**Stored data**
»»

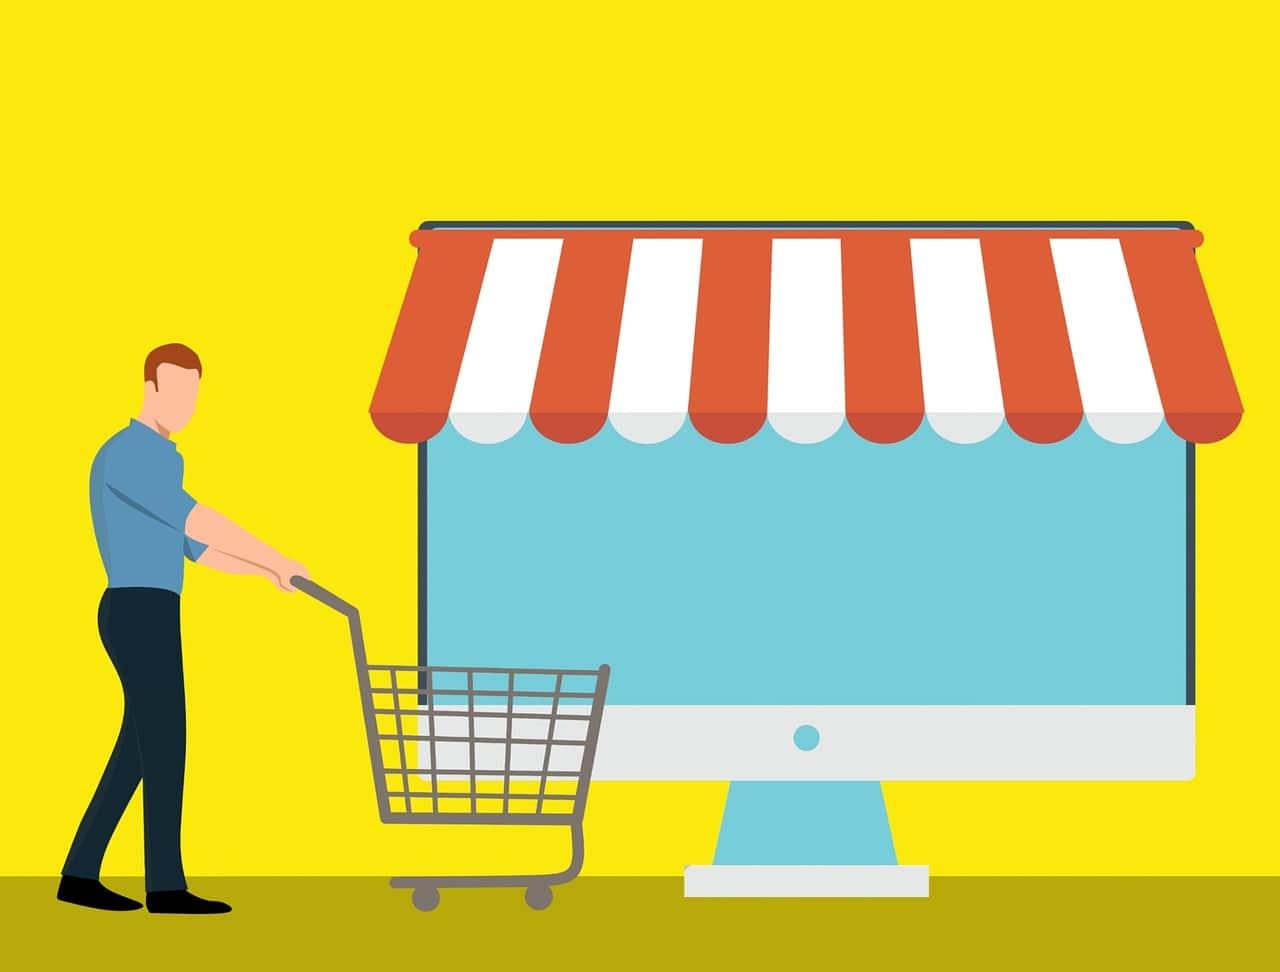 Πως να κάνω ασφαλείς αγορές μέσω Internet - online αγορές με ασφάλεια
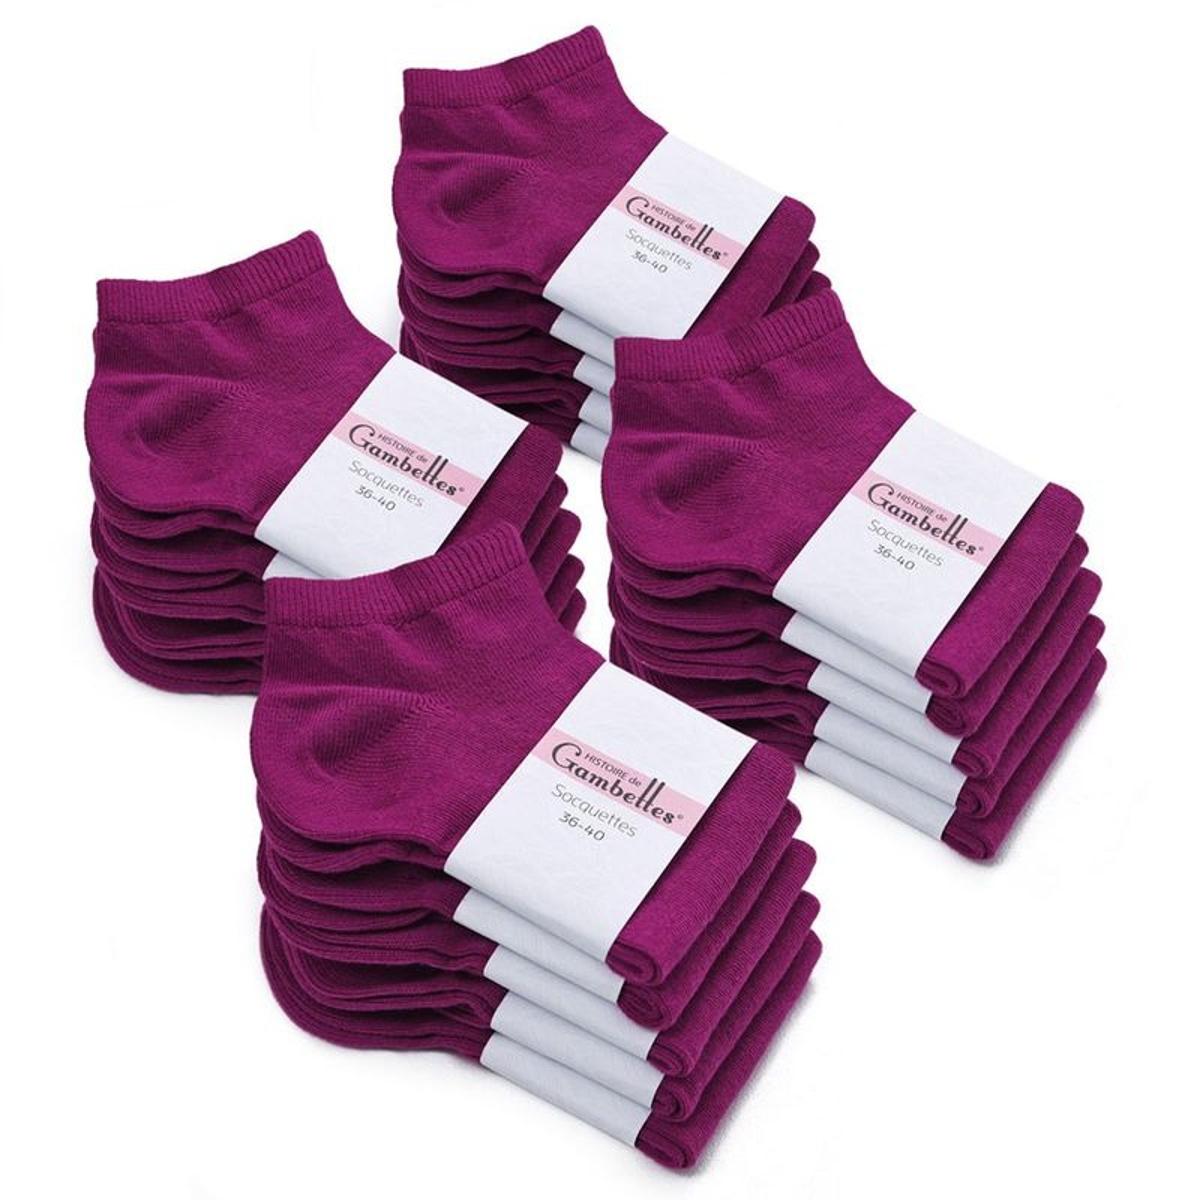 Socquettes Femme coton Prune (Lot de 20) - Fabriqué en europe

««
»»

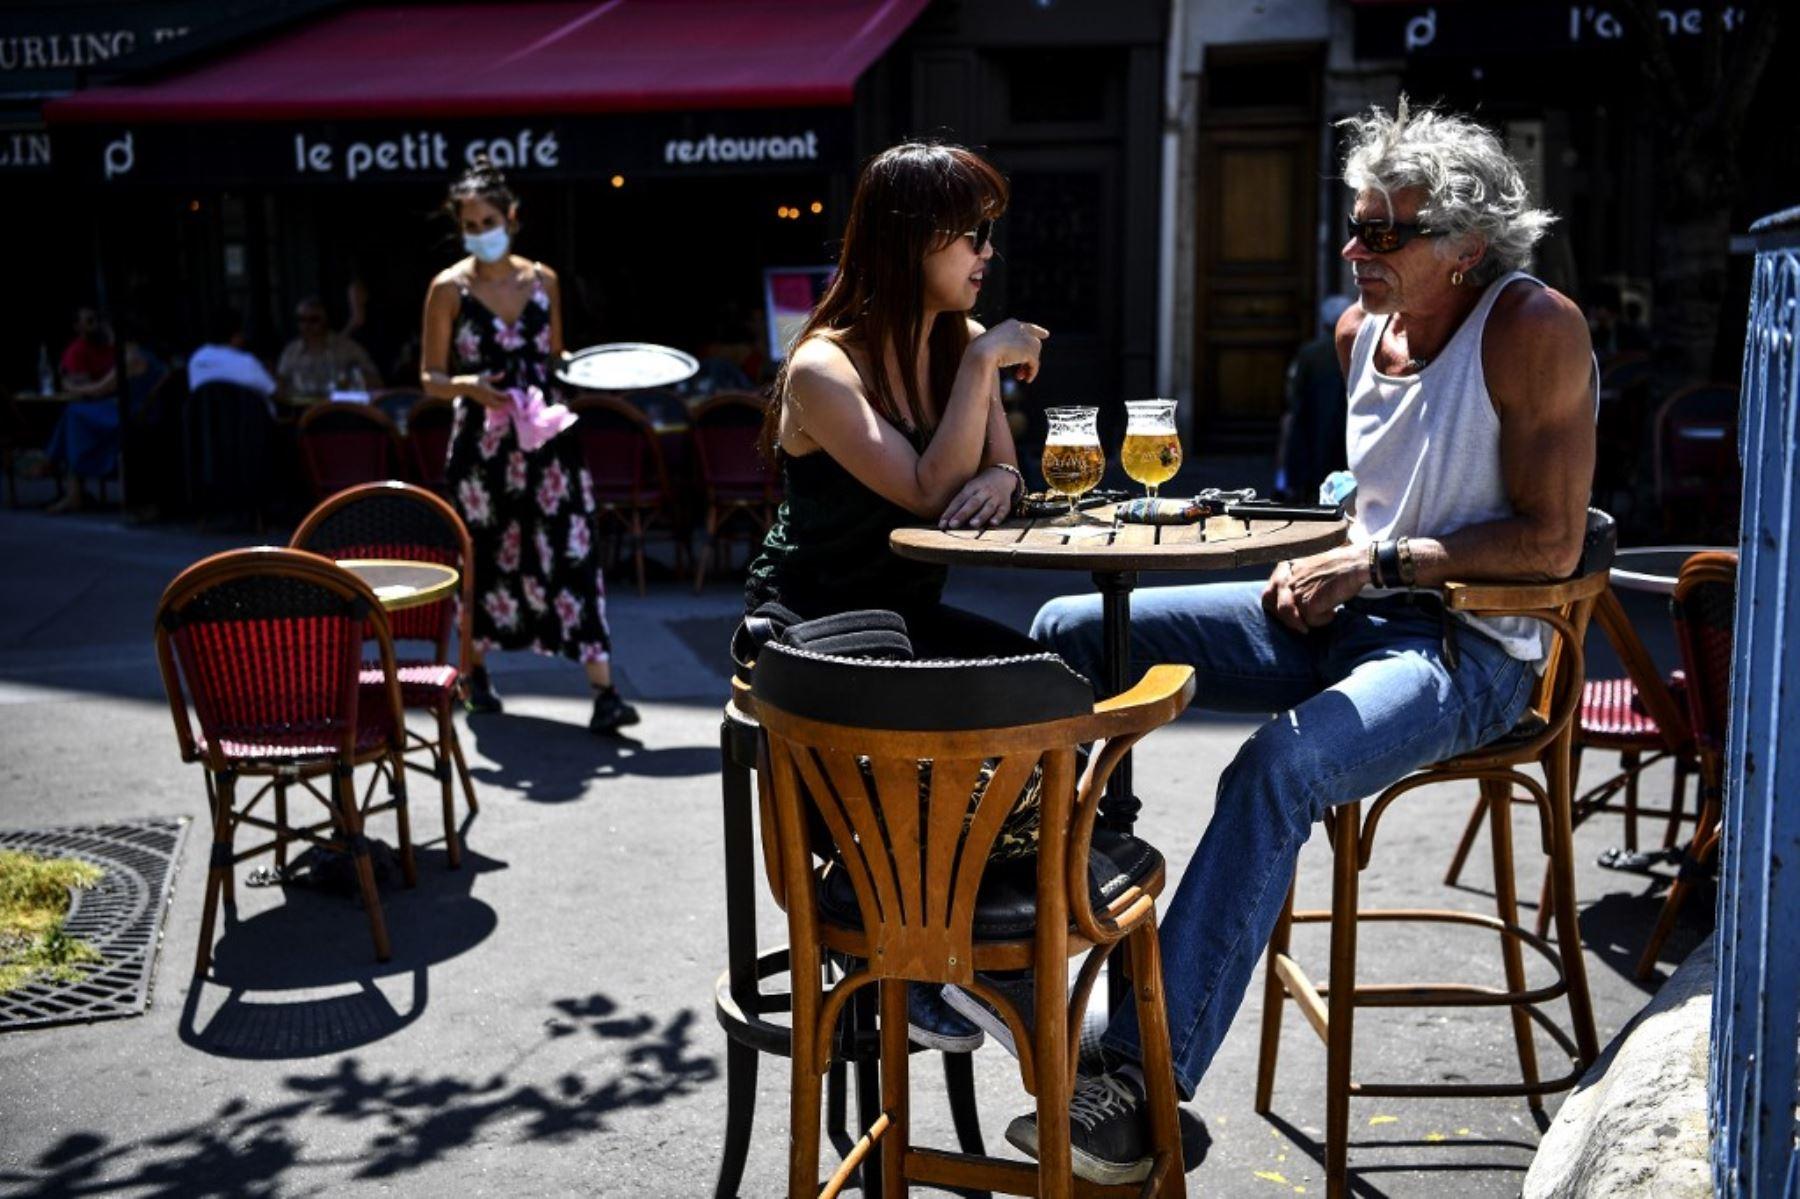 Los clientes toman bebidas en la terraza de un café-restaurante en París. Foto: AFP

««

**Work required**
Would you transcribe the lines above exactly, going from the line bearing "Πως να κάνω" through the line bearing "Socquettes Femme coton", and drop the pictures from the copy?

**Your response**
 Πως να κάνω ασφαλείς αγορές μέσω Internet - online αγορές με ασφάλεια
 Socquettes Femme coton Prune (Lot de 20) - Fabriqué en europe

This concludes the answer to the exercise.